── SOURCE DATA ──

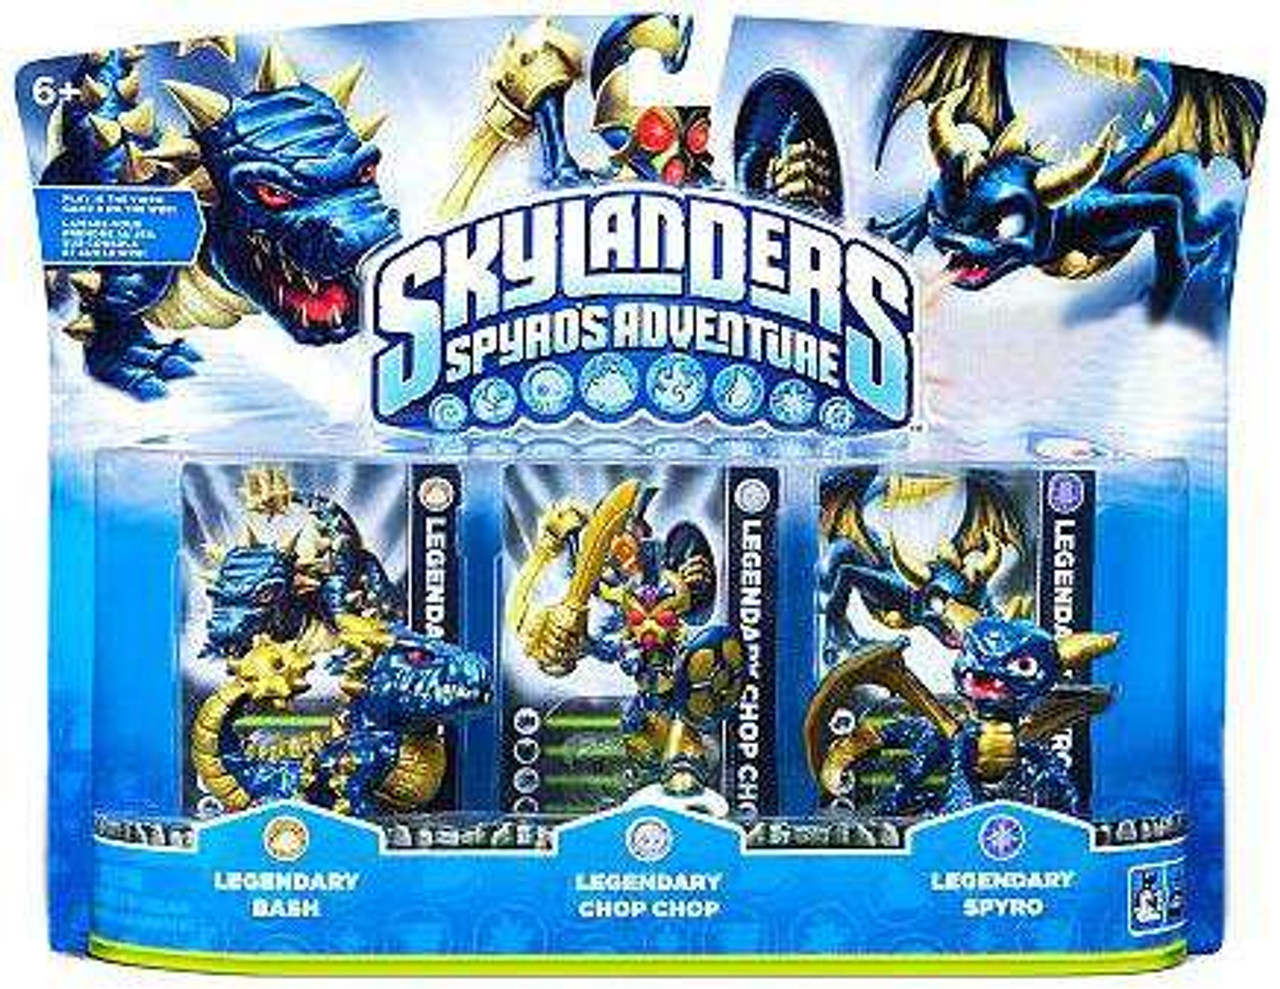 Skylanders Spyro's Adventure Legendary Bash, Chop Chop & Spyro Exclusive Figure 3-Pack
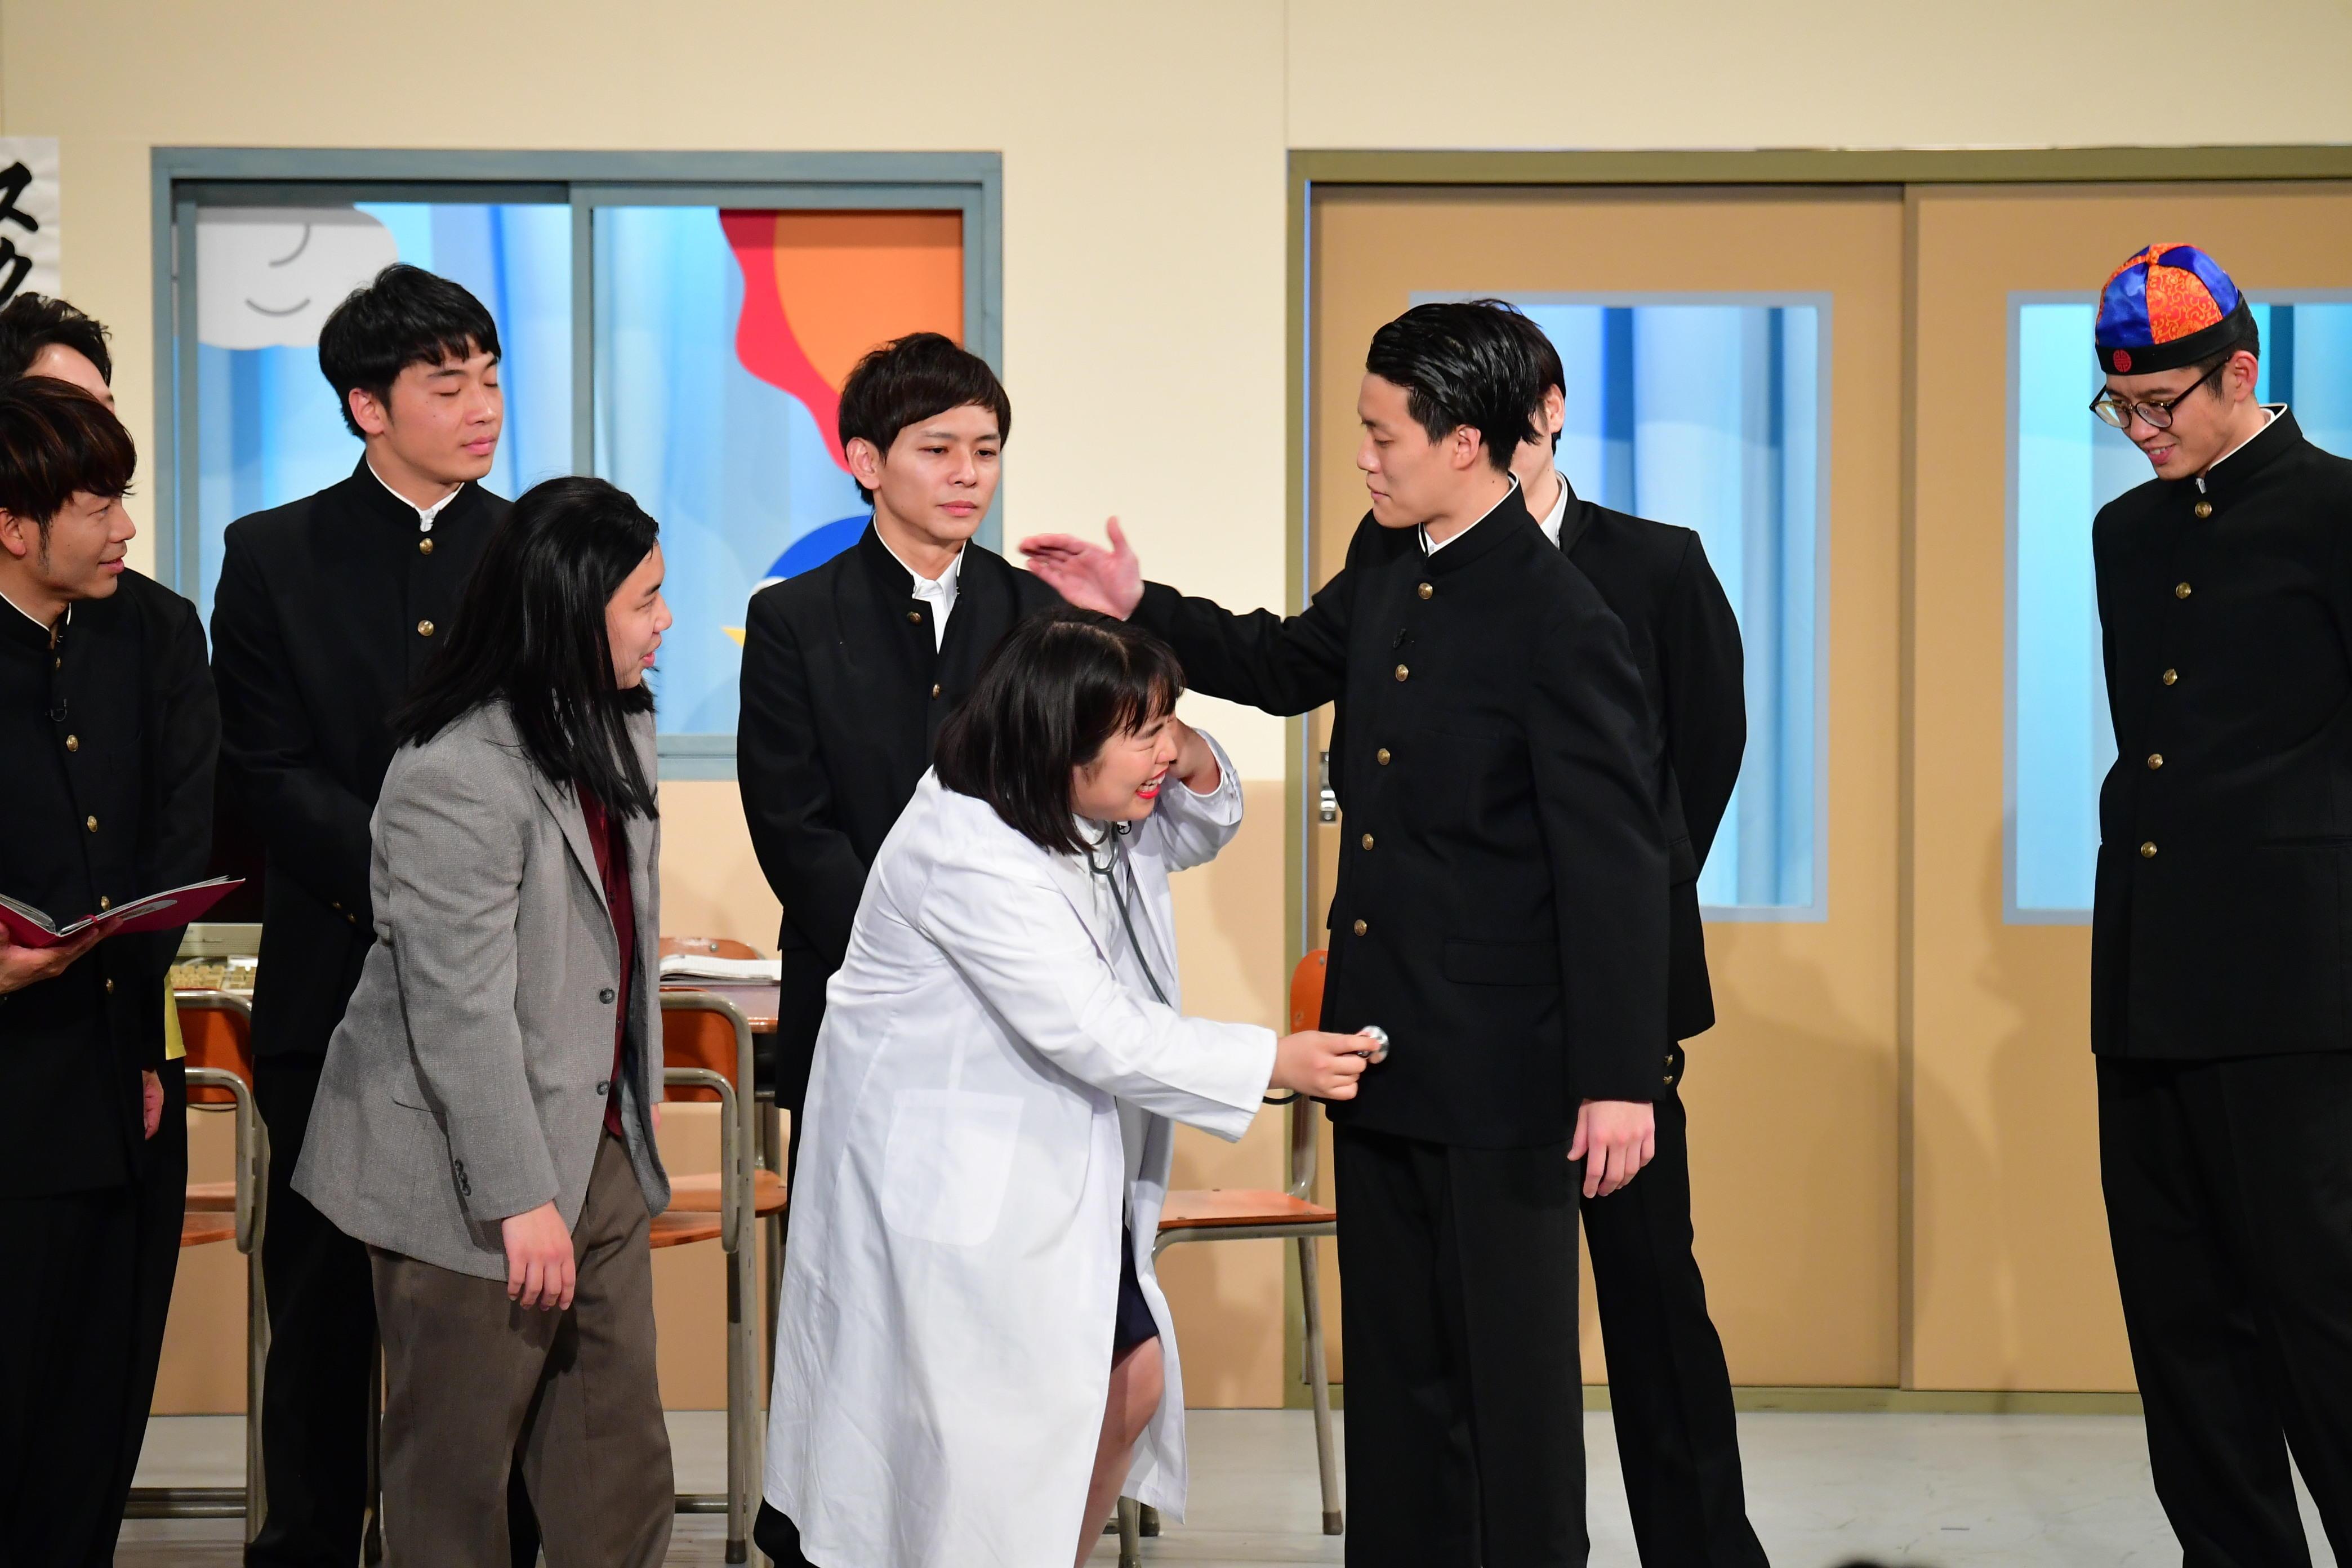 http://news.yoshimoto.co.jp/20181220091038-8ac26813f96bce7f77c6e465c9681d2962819fb6.jpg
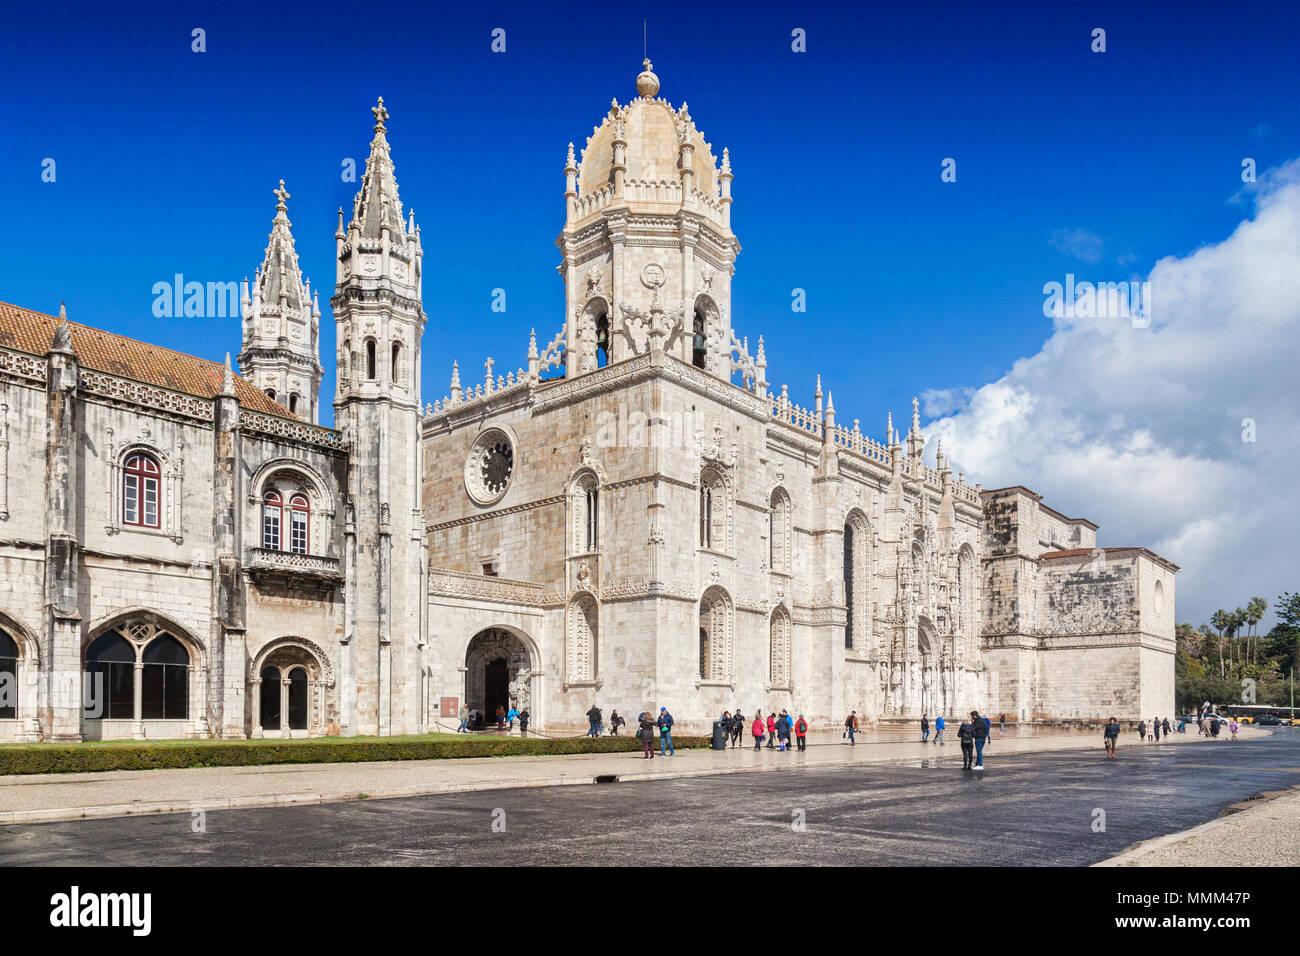 Vom 5. März 2018: Lissabon, Portugal - Touristen, der frühe Frühling Sonnenschein an Kloster Jeronimos, Belem. Stockbild
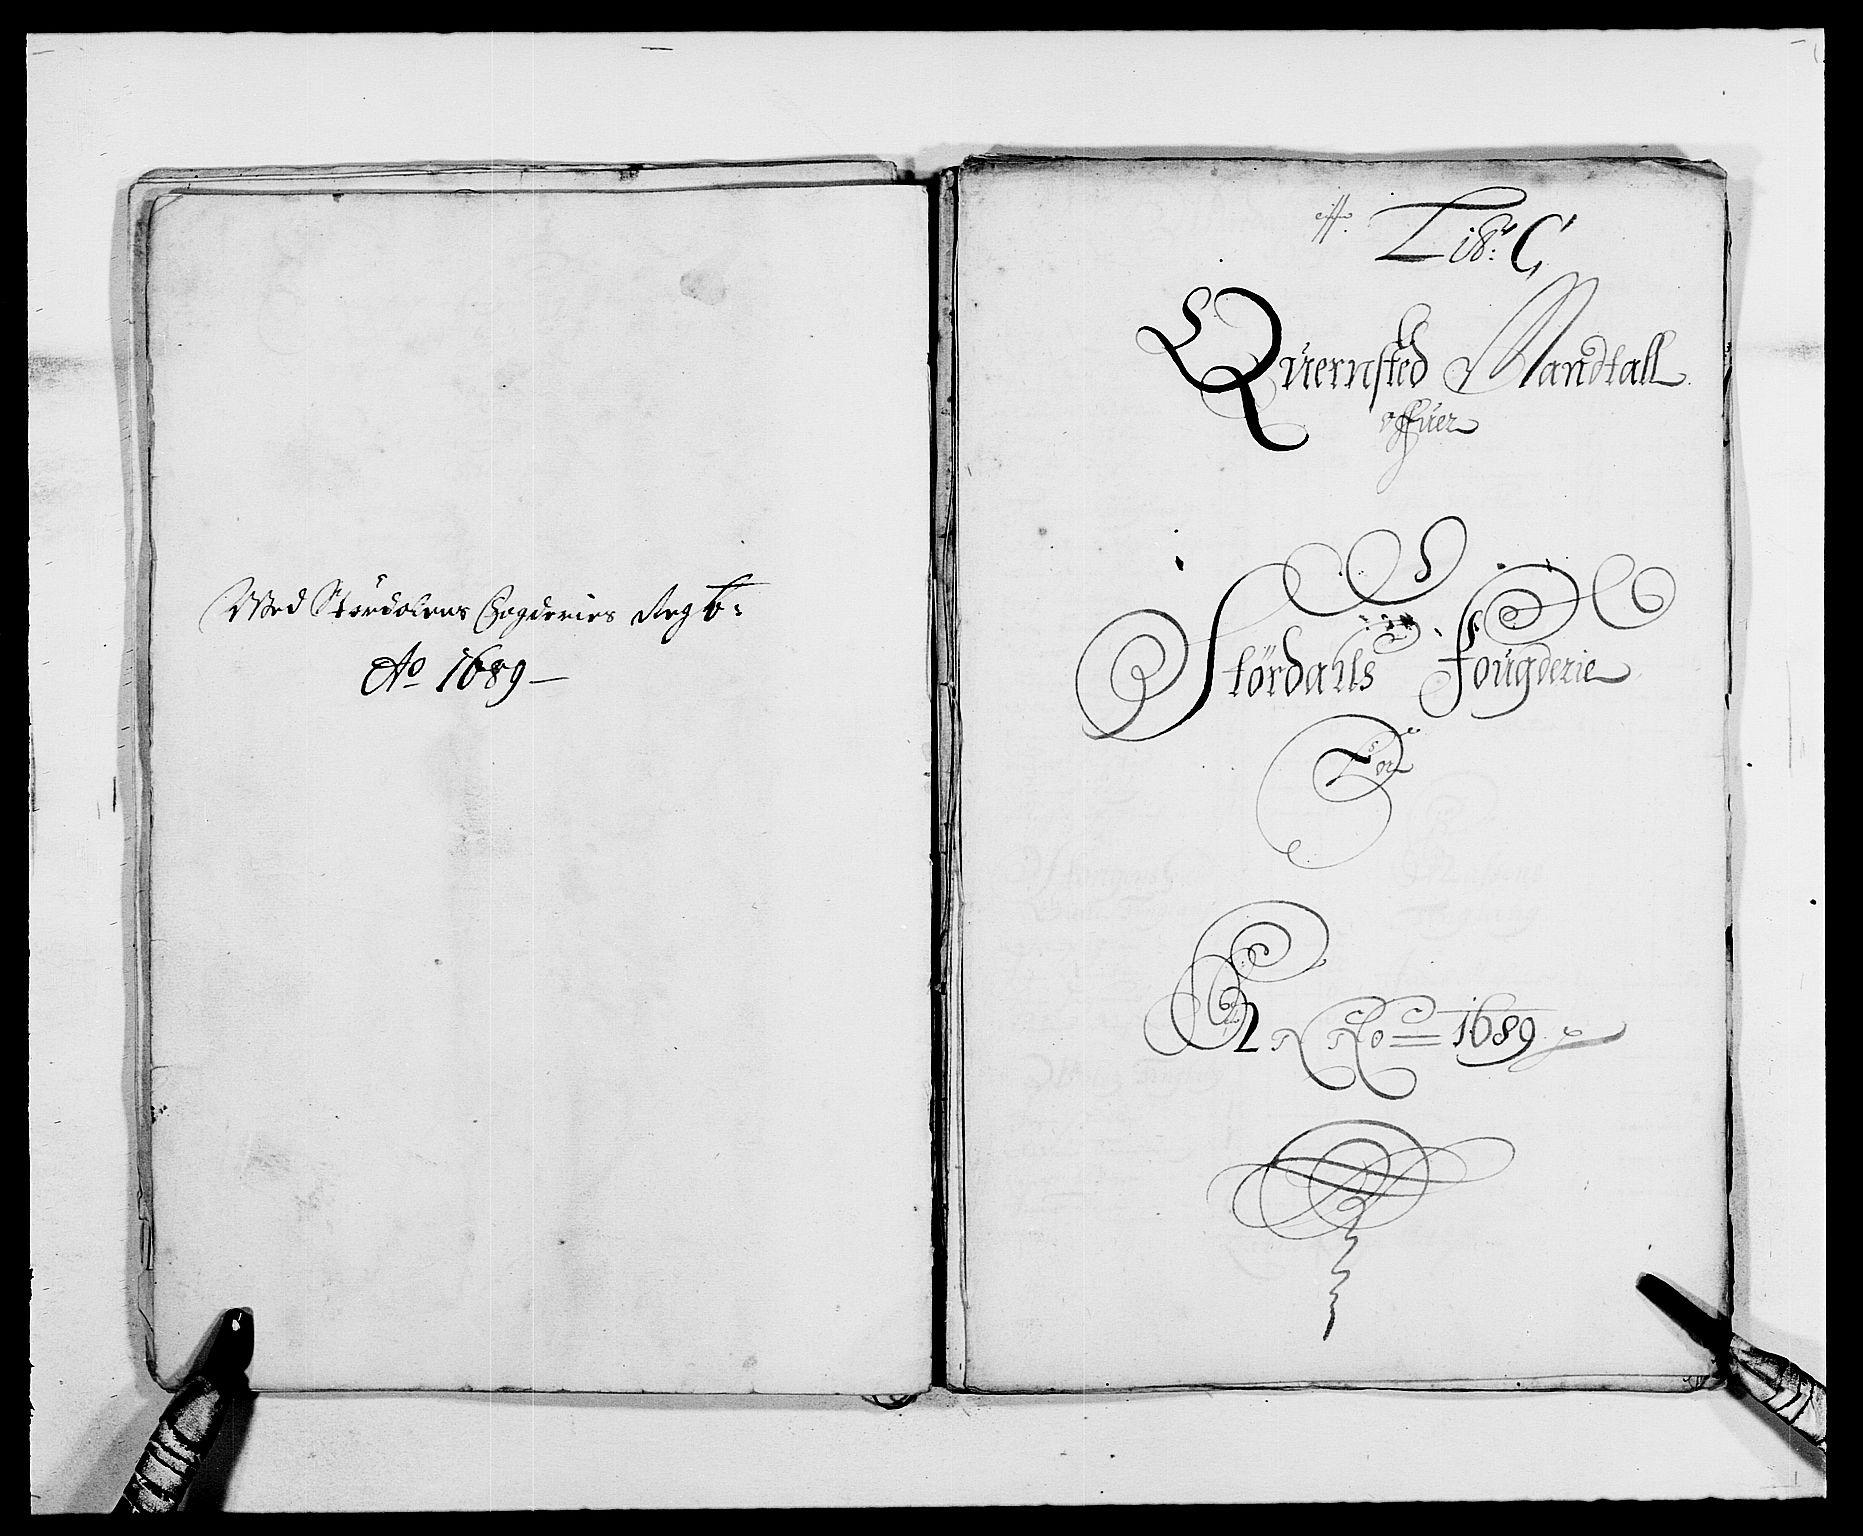 RA, Rentekammeret inntil 1814, Reviderte regnskaper, Fogderegnskap, R62/L4183: Fogderegnskap Stjørdal og Verdal, 1687-1689, s. 323

───

=== REQUIREMENT ===
Using the data above, write out every line exactly, leaving the images behind.

=== WRITTEN ANSWER ===
 Skylanders Spyro's Adventure Legendary Bash, Chop Chop & Spyro Exclusive Figure 3-Pack
 http://news.yoshimoto.co.jp/20181220091038-8ac26813f96bce7f77c6e465c9681d2962819fb6.jpg
 Vom 5. März 2018: Lissabon, Portugal - Touristen, der frühe Frühling Sonnenschein an Kloster Jeronimos, Belem. Stockbild
 RA, Rentekammeret inntil 1814, Reviderte regnskaper, Fogderegnskap, R62/L4183: Fogderegnskap Stjørdal og Verdal, 1687-1689, s. 323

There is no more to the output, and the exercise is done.